- Work request
Please copy all of the data that follows exactly, leaving any pictures out.

- Input data
>>>

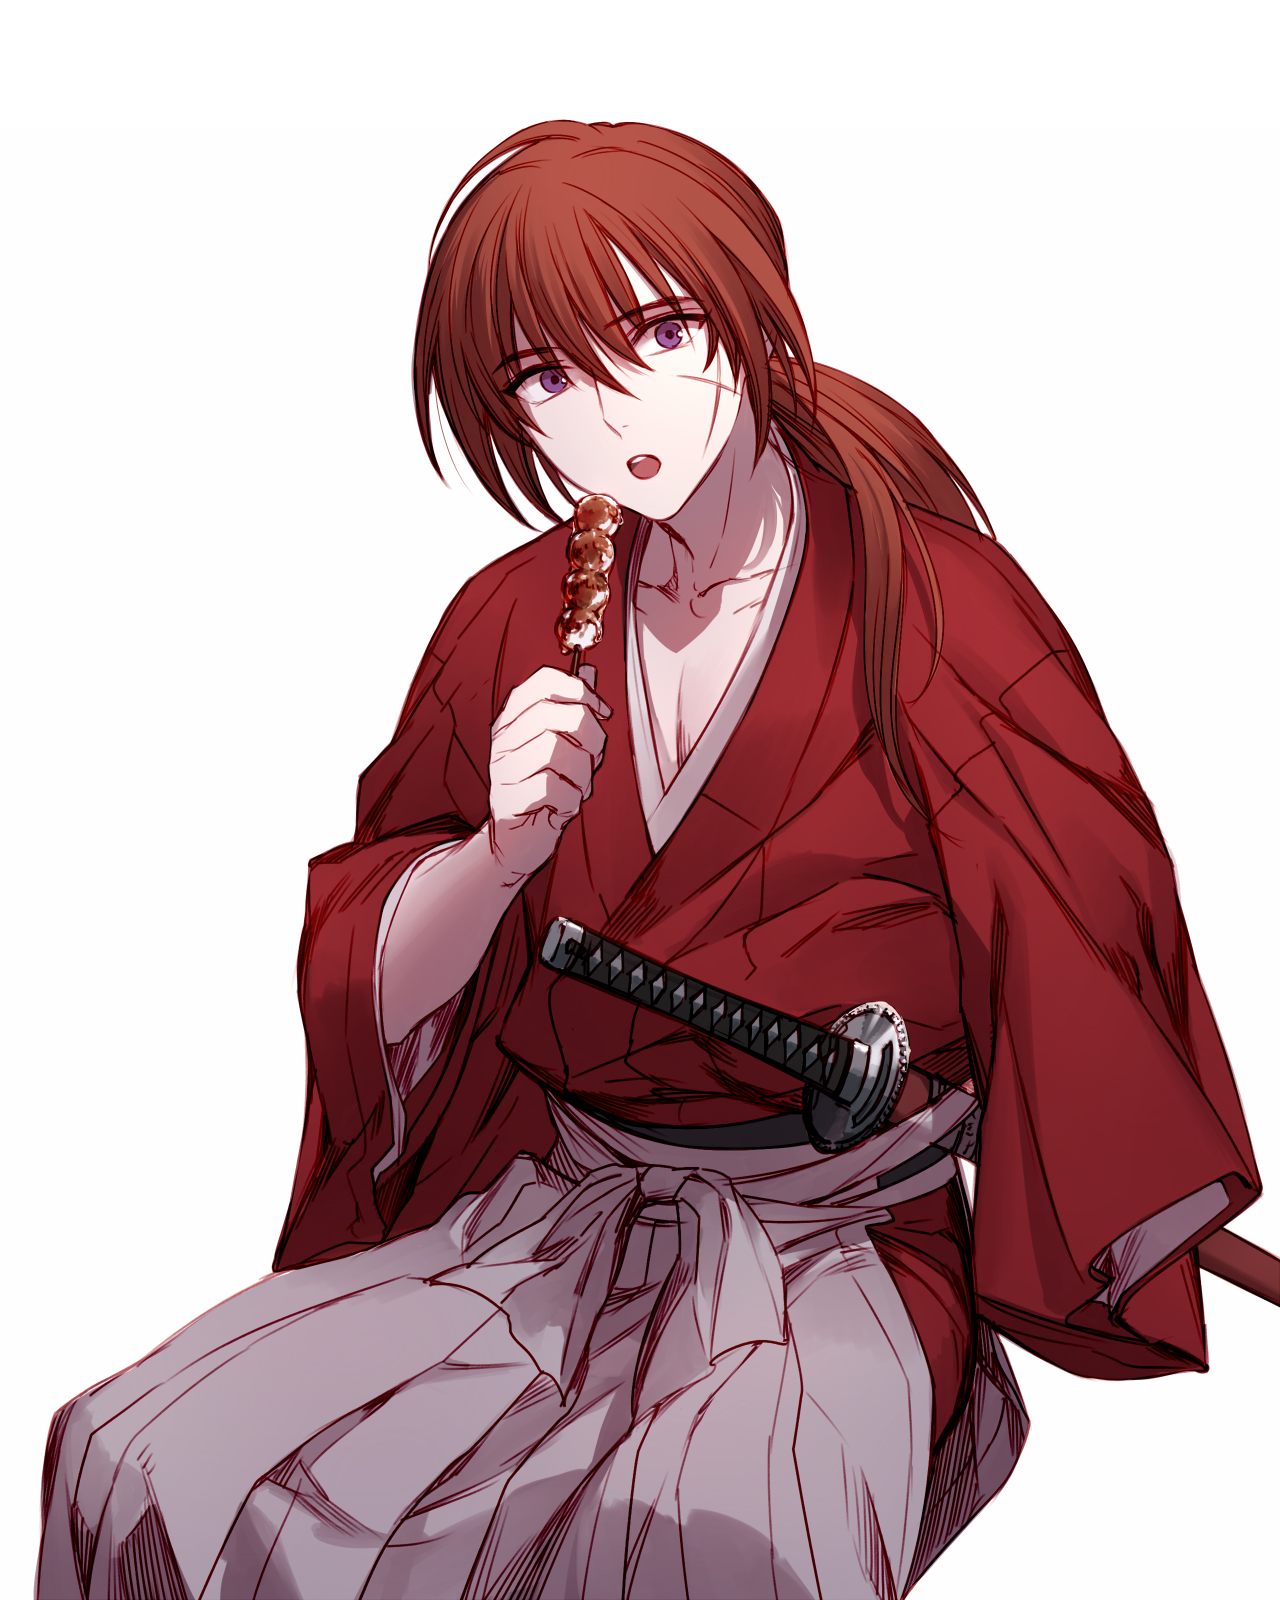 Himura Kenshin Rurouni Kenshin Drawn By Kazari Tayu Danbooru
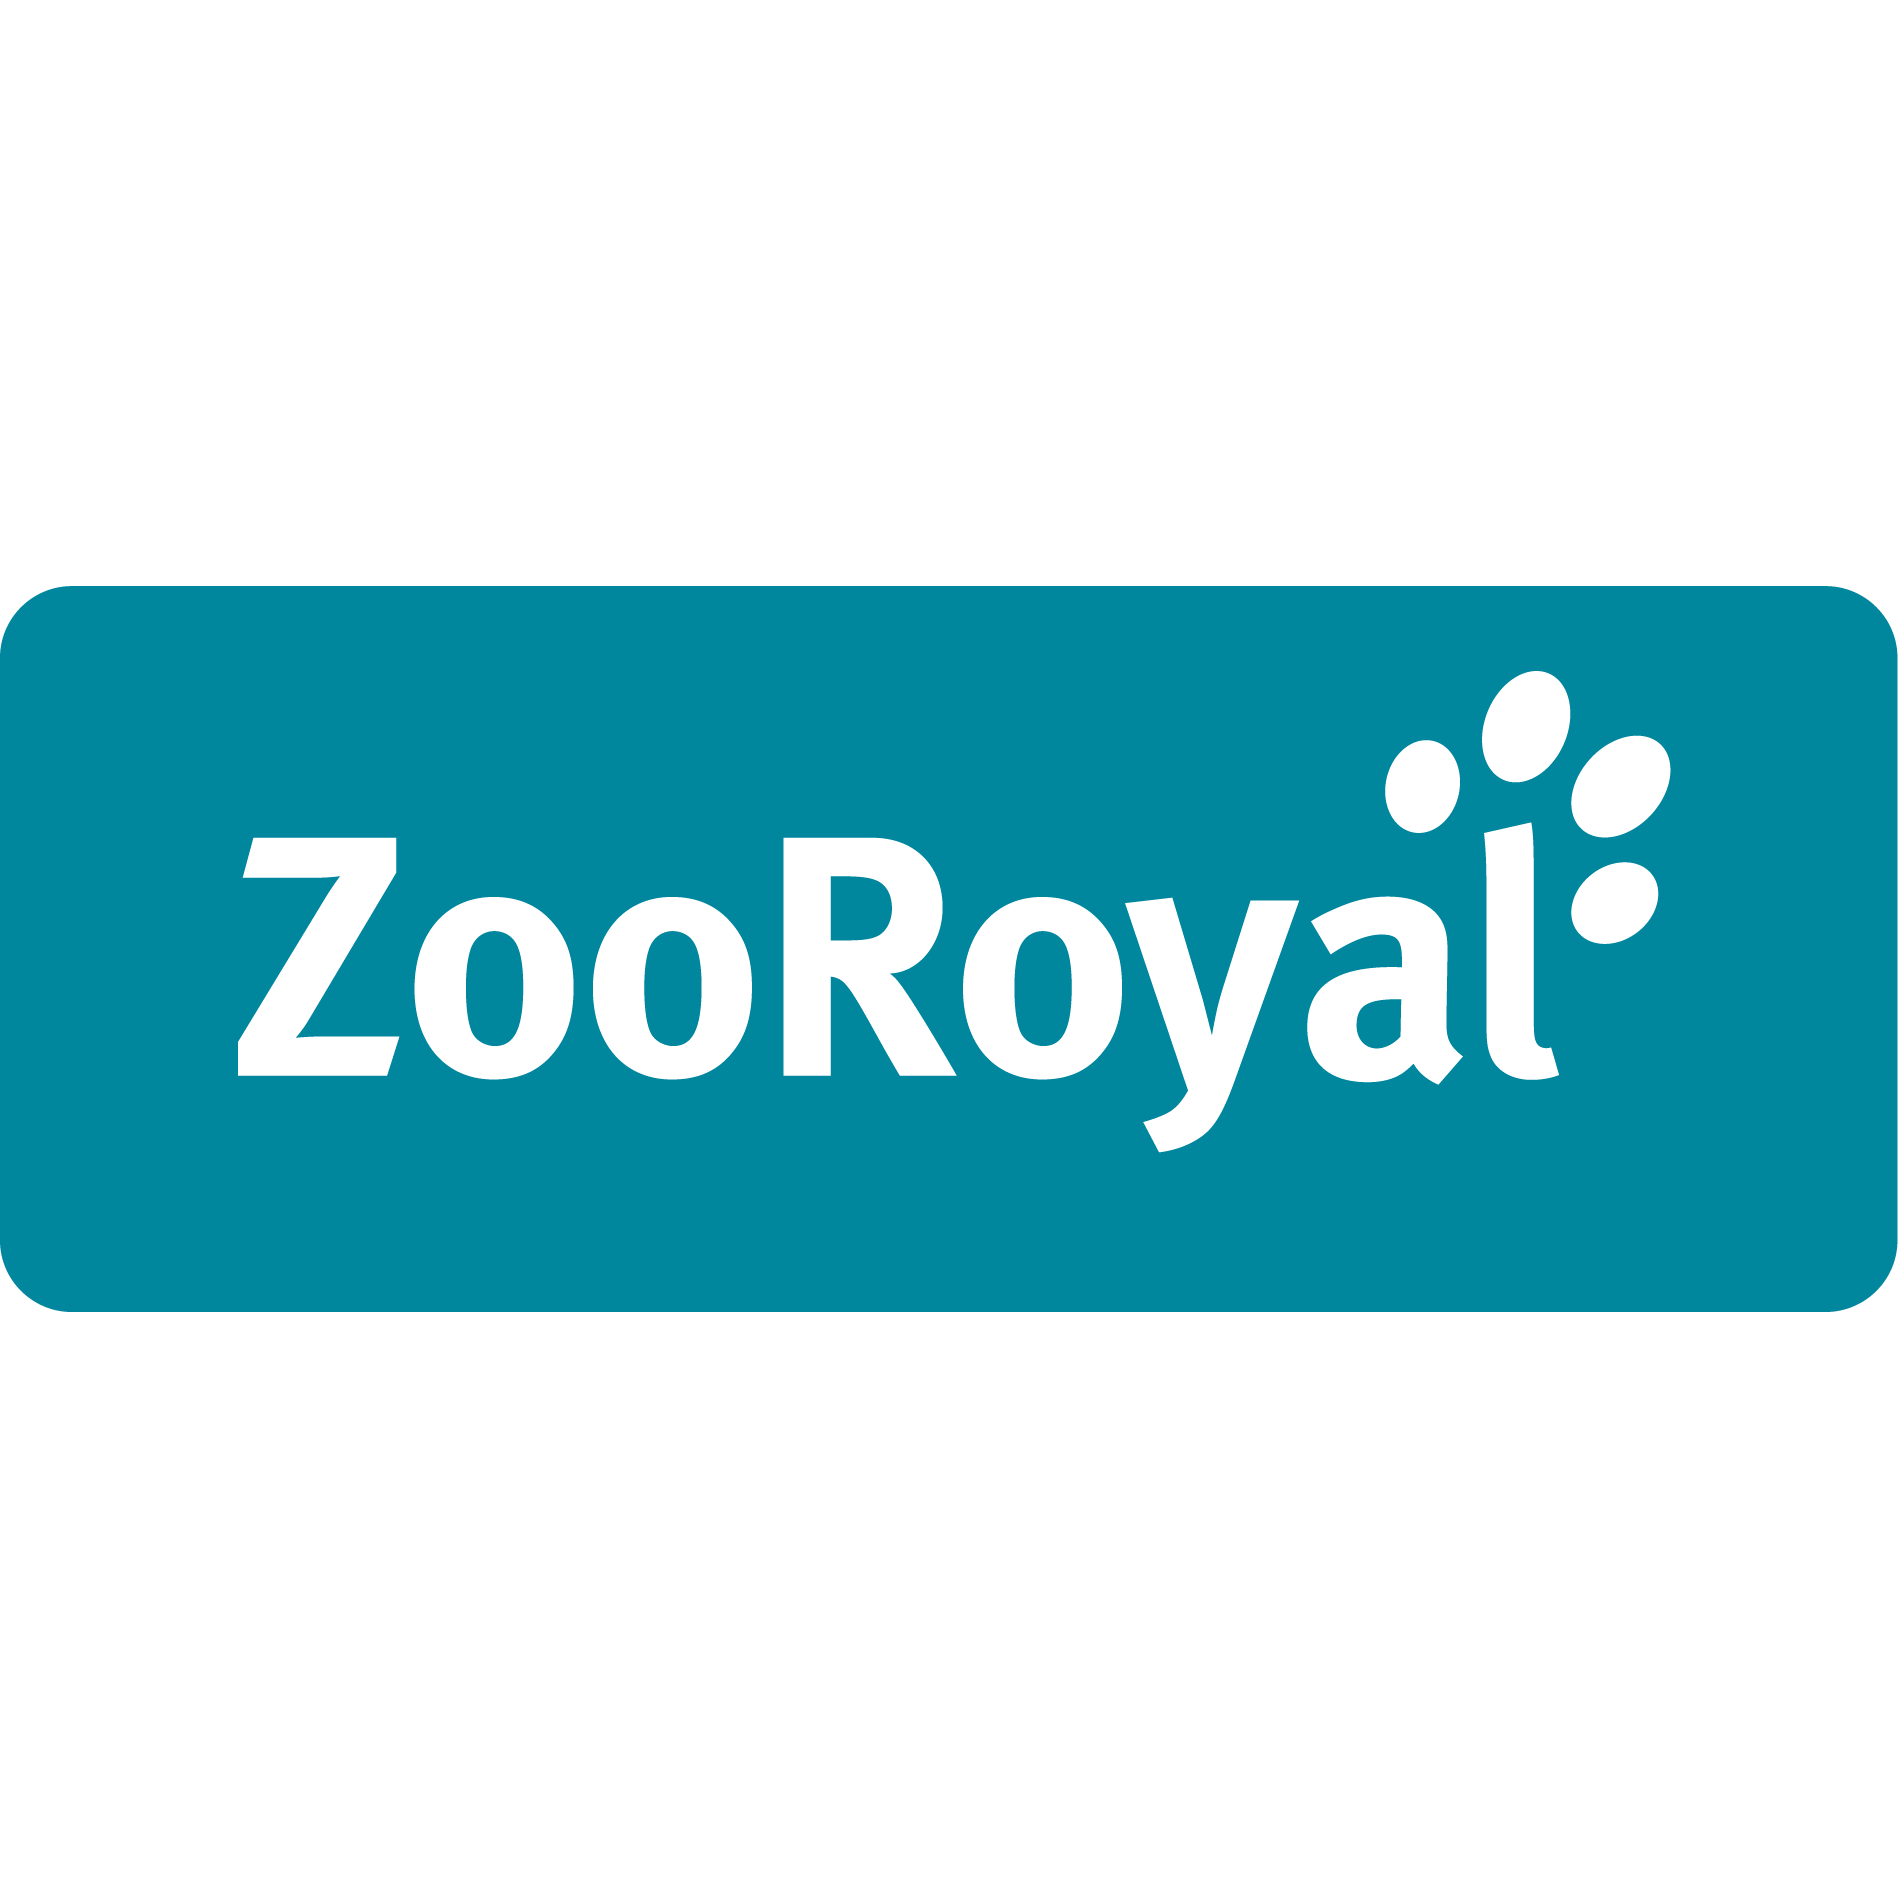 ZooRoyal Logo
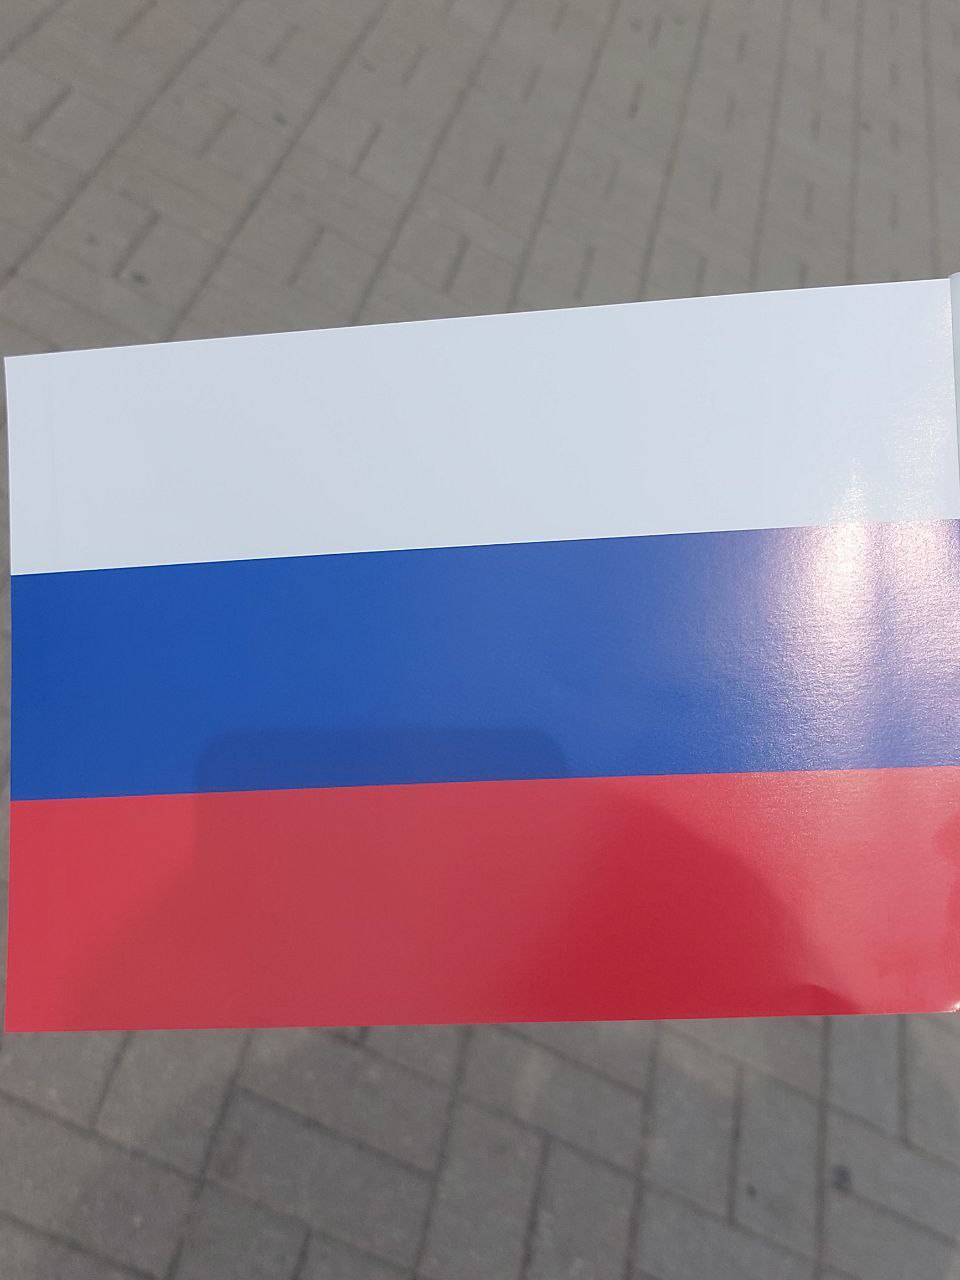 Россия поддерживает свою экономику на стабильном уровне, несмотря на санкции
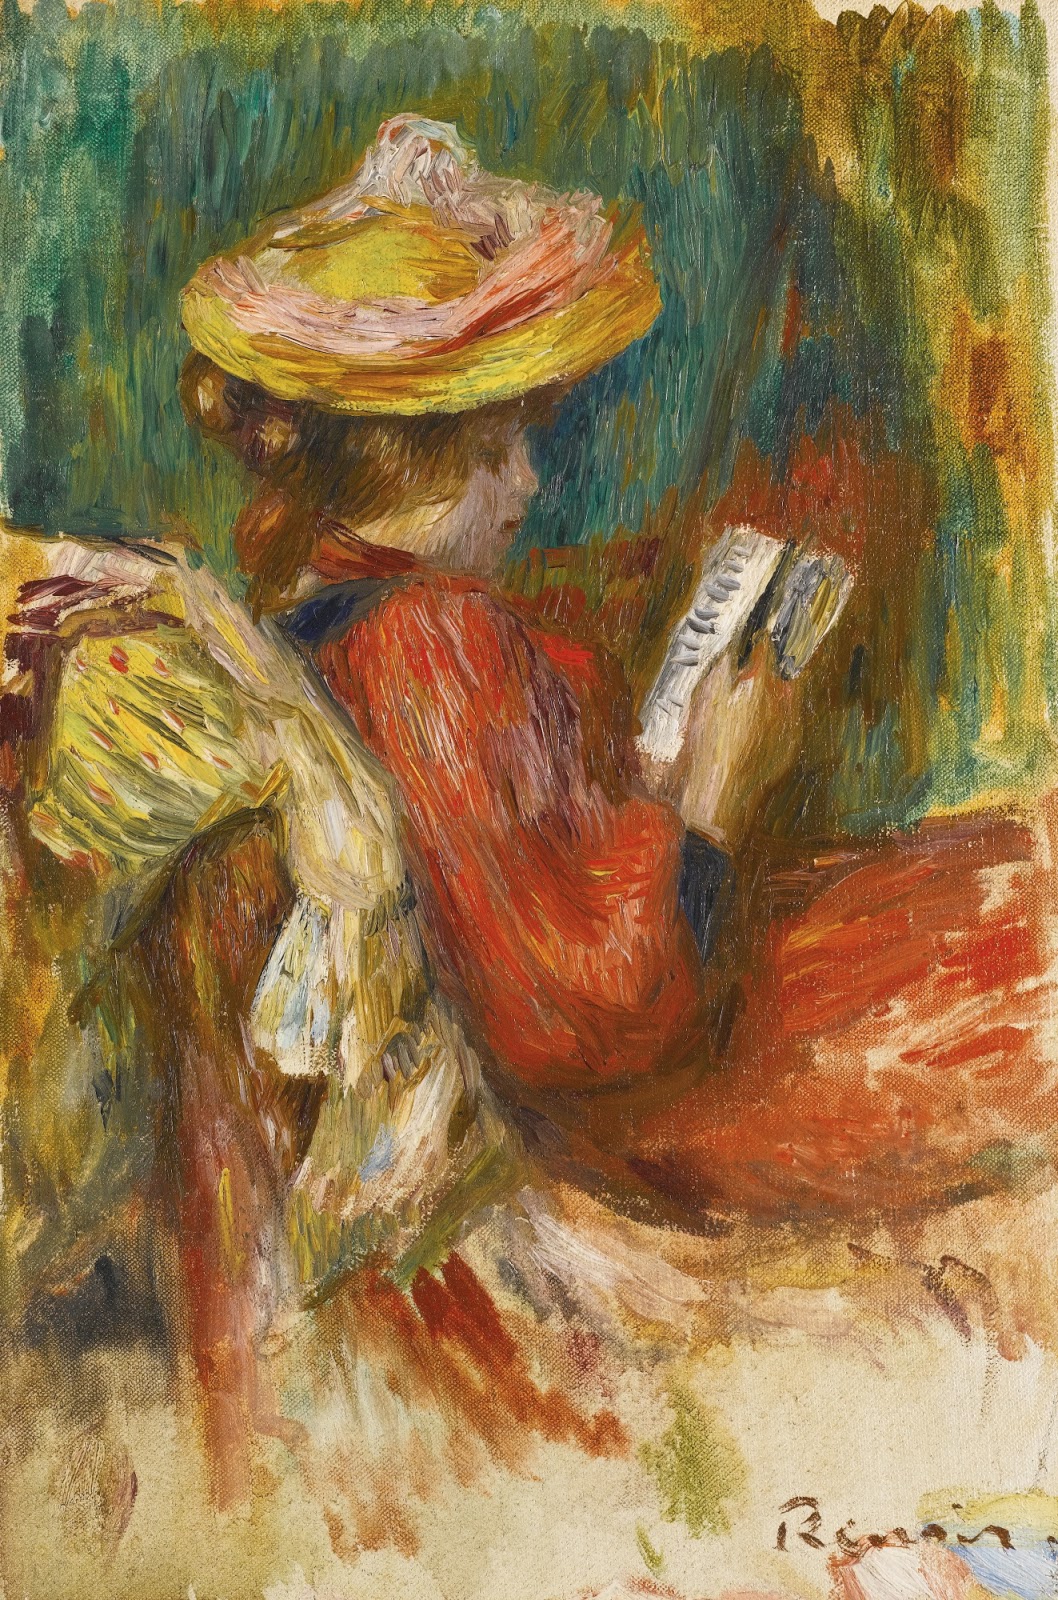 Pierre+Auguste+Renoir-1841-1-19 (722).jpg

<<<

- Solution to this exercise
 Himura Kenshin Rurouni Kenshin Drawn By Kazari Tayu Danbooru
 ZooRoyal Logo
 Россия поддерживает свою экономику на стабильном уровне, несмотря на санкции
 Pierre+Auguste+Renoir-1841-1-19 (722).jpg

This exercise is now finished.